Uncertainty continues to hit FTSE 350 pension deficit

15 October 2019 Consultancy.uk

Political and economic volatility are impacting heavily on the UK’s pension funds. According to the latest figures, pension deficits are still worryingly high, while liability values could be set to take a beating in the event of an economic slowdown tied to Brexit.

In recent years challenging market conditions and an ageing population have seen some schemes run increasingly large deficits. However, in 2018, reporting into the segment has found that most pension schemes were relatively well-positioned going forward, with the aggregate deficit for the FTSE 350 having notably fallen from £75 billion to £35 billion by the turn of the year.

Since then, however, volatility has quickly returned to the UK pensions market. Having briefly moved into surplus last year, the FTSE 350 pension deficit slid to £67 billion by August 2019. While the situation in September seemed to stabilise slightly, with funding increasing, this still left the group of pensions in a £50 million deficit.Uncertainty continues to hit FTSE 350 pension deficitAt the same time, September saw liability values – the amount of money that an organisation has to account for in order to make future pension payments – decrease by £8 billion to £906 billion, compared to £914 billion at the end of August. According to experts from Mercer, worse could well be set to come in regard to liabilities too, having a drastic impact on the pensions of millions living in Britain.

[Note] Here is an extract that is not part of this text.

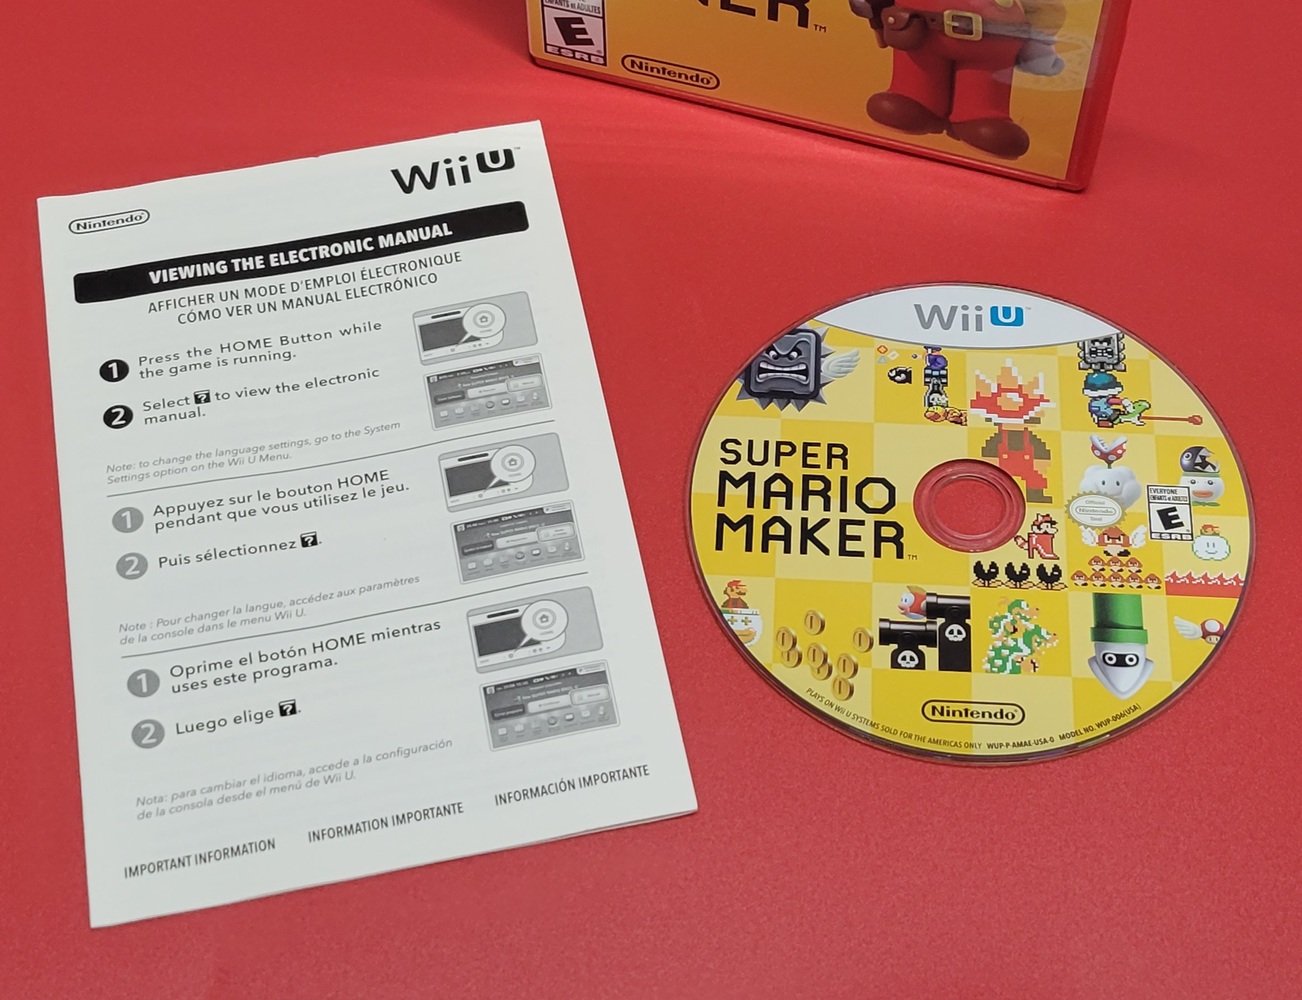 Nintendo Wii U Super Mario Maker Video Game - Complete

Charles Cowling, Actuary at Mercer, explained, “The unprecedented political turmoil in the UK shows no sign of easing. Uncertainty over Brexit and speculation over a possible General Election are causing nervousness and volatility in markets. Fears for the global economy too have seen interest rates fall to record lows around the world… Against this backdrop of political uncertainty sources within the Bank of England indicated that it may, once again, have to cut interest rates, which could send pension liabilities to even higher levels. Trustees that have not fully hedged their interest rate risks could see pension deficits soar.”

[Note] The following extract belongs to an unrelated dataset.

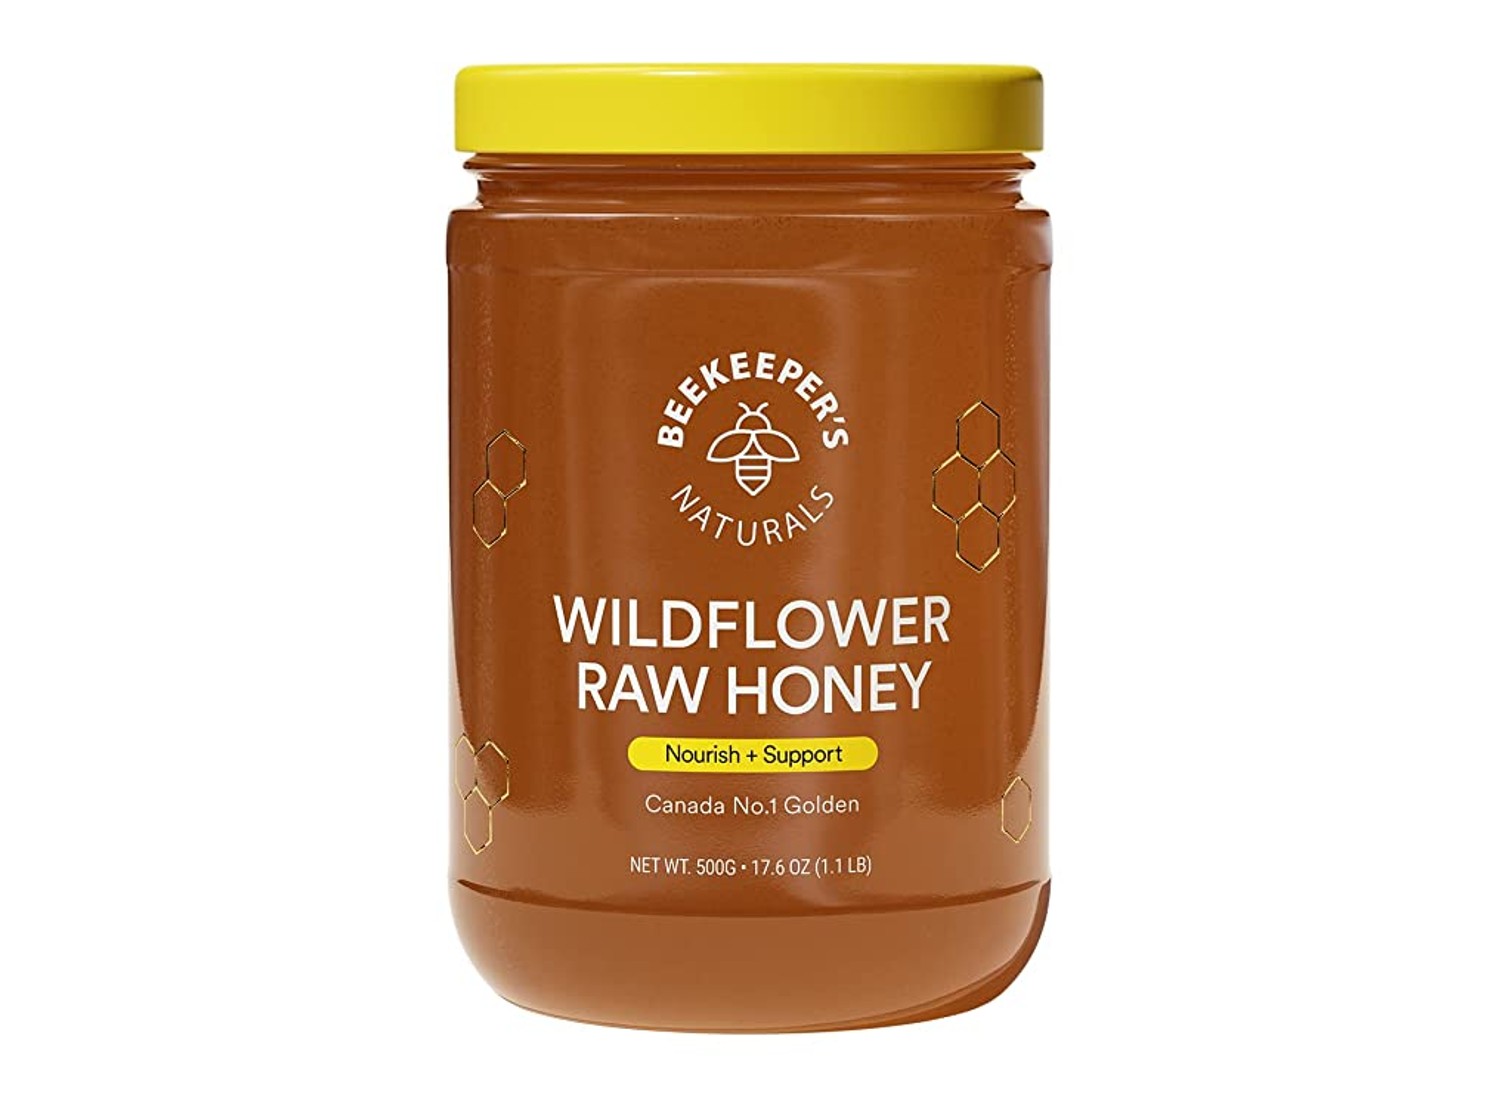 Beekeeper's Natural Wildflower Raw Honey

Mercer’s data relates to about 50% of all UK pension scheme liabilities and analyses pension deficits calculated using the approach companies have to adopt for their corporate accounts. The data underlying the survey is refreshed as companies report their year-end accounts. Other measures are also relevant for trustees and employers considering their risk exposure. But data published by the Pensions Regulator and elsewhere tells a similar story.

According to previous work on the matter by Mercer, many pension funds failed to take advantage of a lull in deficits last year in order to plan for future changes. However, there is still time to use the analysis currently being provided to right course now.

Maria Johannessen, Partner and Corporate Consulting Leader in Mercer’s Wealth business, said, “Looking at the month end position we see a reduction in deficit over September. However, the real story is the volatility of the figures over the month. Looking at the daily figures we see a £25 billion range in deficit levels from £49 billion to £74 billion. Liabilities varied by £45 billion in the same period. This uncertainty shows that there is a real benefit to actively monitoring the funding position and spotting opportunities to manage risks when circumstances are supportive of doing so.”